Of the 215 women who met inclusion criteria, 201 (93.5%) had complete data on pregnancy intendedness. Of these 201 women, 137 (68.2%) had an unintended pregnancy. Unintended pregnancy was associated with lower odds of viral suppression at delivery (95.3% of women with planned pregnancies were virally suppressed at delivery compared with 76.6% of women with unplanned pregnancies; adjusted odds ratio, 0.22; 95% CI, 0.05-0.89, after adjusting for potential confounders). In this study, 48.9% of women with unintended pregnancies presented later in pregnancy for prenatal care (after the first trimester) compared with 21.9% of women with intended pregnancies (P<.001). Women with unintended pregnancies were also less likely to be on antiretroviral therapy before entry to prenatal care (20.4% of women with unintended pregnancies vs 50.0% of women with intended pregnancies; adjusted odds ratio, 0.35; 95% CI, 0.15-0.81; P<.001).

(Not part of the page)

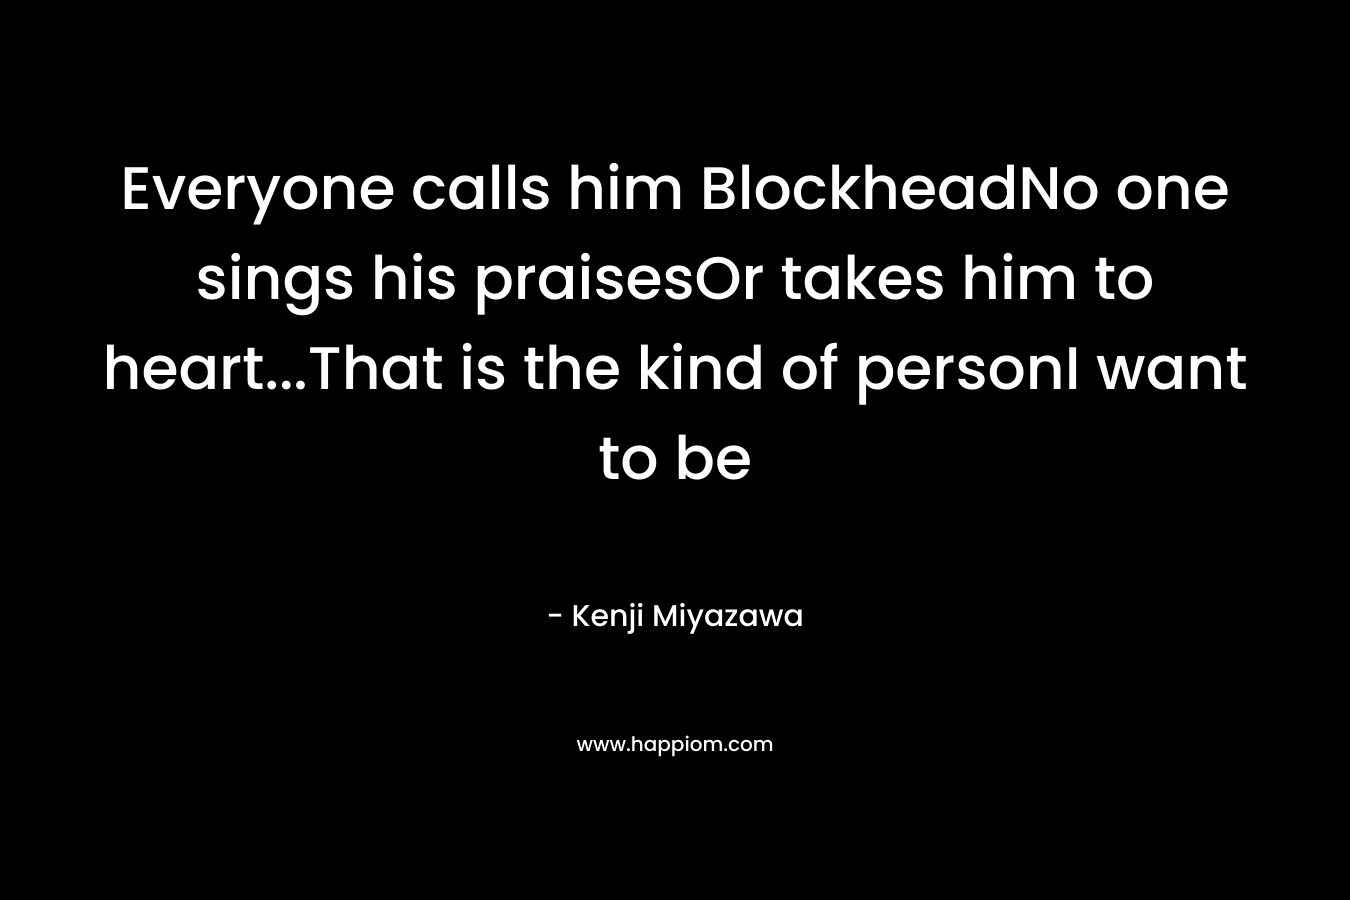 Everyone calls him BlockheadNo one sings his praisesOr takes him to heart...That is the kind of personI want to be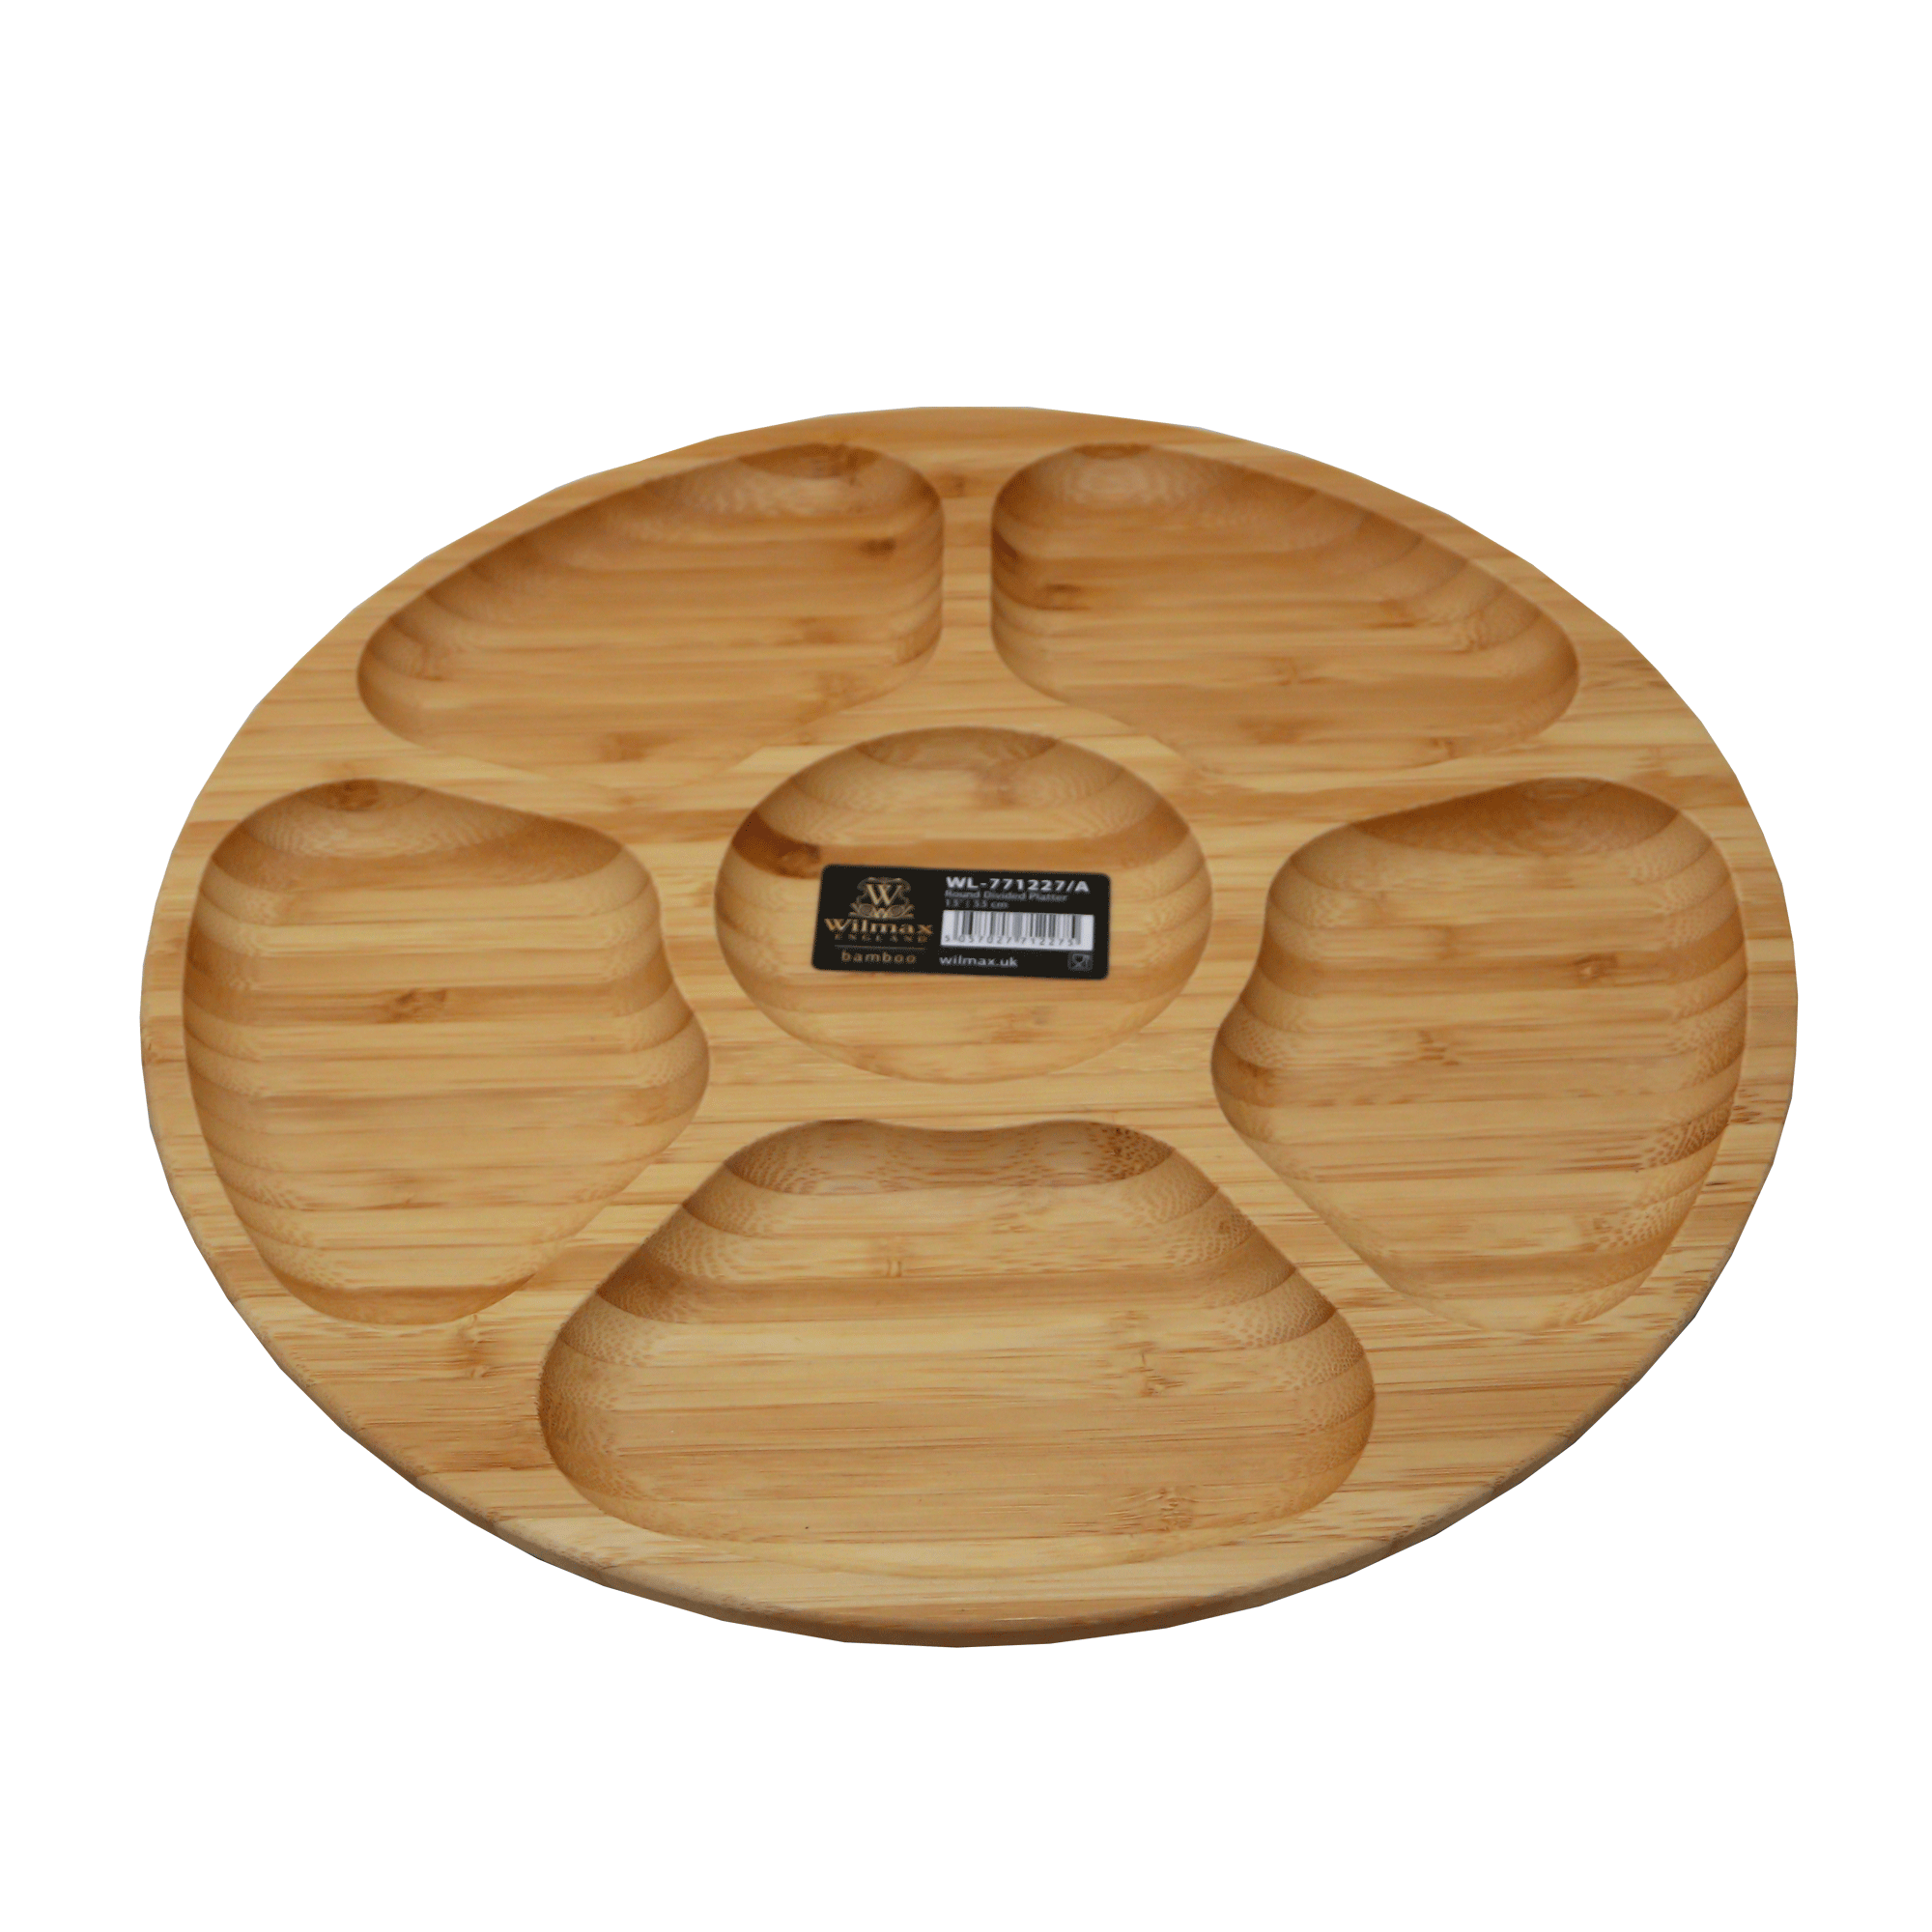 Round Divided Platter Wilmax 7118-3 771227A

Among pregnant women living with HIV, women with an unintended pregnancy were less likely to be on antiretroviral therapy before initiating prenatal care and were less likely to be virally suppressed at the time of delivery.
美国约有一半的妊娠是意外妊娠;感染 HIV 的女性意外妊娠的可能性甚至更高。意外妊娠的女性通常比计划妊娠的女性有更差的产科结局,尽管在美国感染 HIV 的女性意外妊娠与结局的关系尚不清楚。
本研究旨在确定在一家专业产科诊所就诊的 HIV 感染者中,妊娠的计划性是否与分娩时母婴病毒抑制的实现有关,而母婴病毒抑制是预防 HIV 围产期传播的关键组成部分。
这是一项回顾性队列研究,纳入了在单一三级中心接受产前护理并分娩活产婴儿的 HIV 感染者(2007-2014 年)。在常规临床护理中询问女性是否计划本次妊娠。在首次就诊时表示妊娠时机不合适或不期望妊娠的女性被确定为意外妊娠。当 HIV RNA 病毒载量<20 拷贝/mL 时,女性被认为病毒抑制。我们研究了妊娠的计划性是否与分娩时病毒载量是否不可检测有关。我们还确定了意外妊娠的女性在开始产前护理时接受抗逆转录病毒治疗的可能性是否更低。Wilcoxon 秩和检验和卡方检验用于双变量分析,logistic 和线性回归用于多变量分析。
在符合纳入标准的 215 名女性中,有 201 名(93.5%)有完整的妊娠计划数据。在这 201 名女性中,有 137 名(68.2%)有意外妊娠。意外妊娠与分娩时病毒抑制的可能性较低相关(计划妊娠的女性中有 95.3%在分娩时病毒抑制,而无计划妊娠的女性中有 76.6%;调整后的比值比,0.22;95%可信区间,0.05-0.89,在调整了潜在混杂因素后)。在这项研究中,48.9%的意外妊娠女性在妊娠后期(孕早期后)才开始接受产前护理,而计划妊娠的女性只有 21.9%(P<.001)。意外妊娠的女性在开始产前护理前接受抗逆转录病毒治疗的可能性也较低(意外妊娠的女性中有 20.4%,而计划妊娠的女性中有 50.0%;调整后的比值比,0.35;95%可信区间,0.15-0.81;P<.001)。
在感染 HIV 的孕妇中,意外妊娠的女性在开始产前护理前接受抗逆转录病毒治疗的可能性较低,在分娩时病毒抑制的可能性也较低。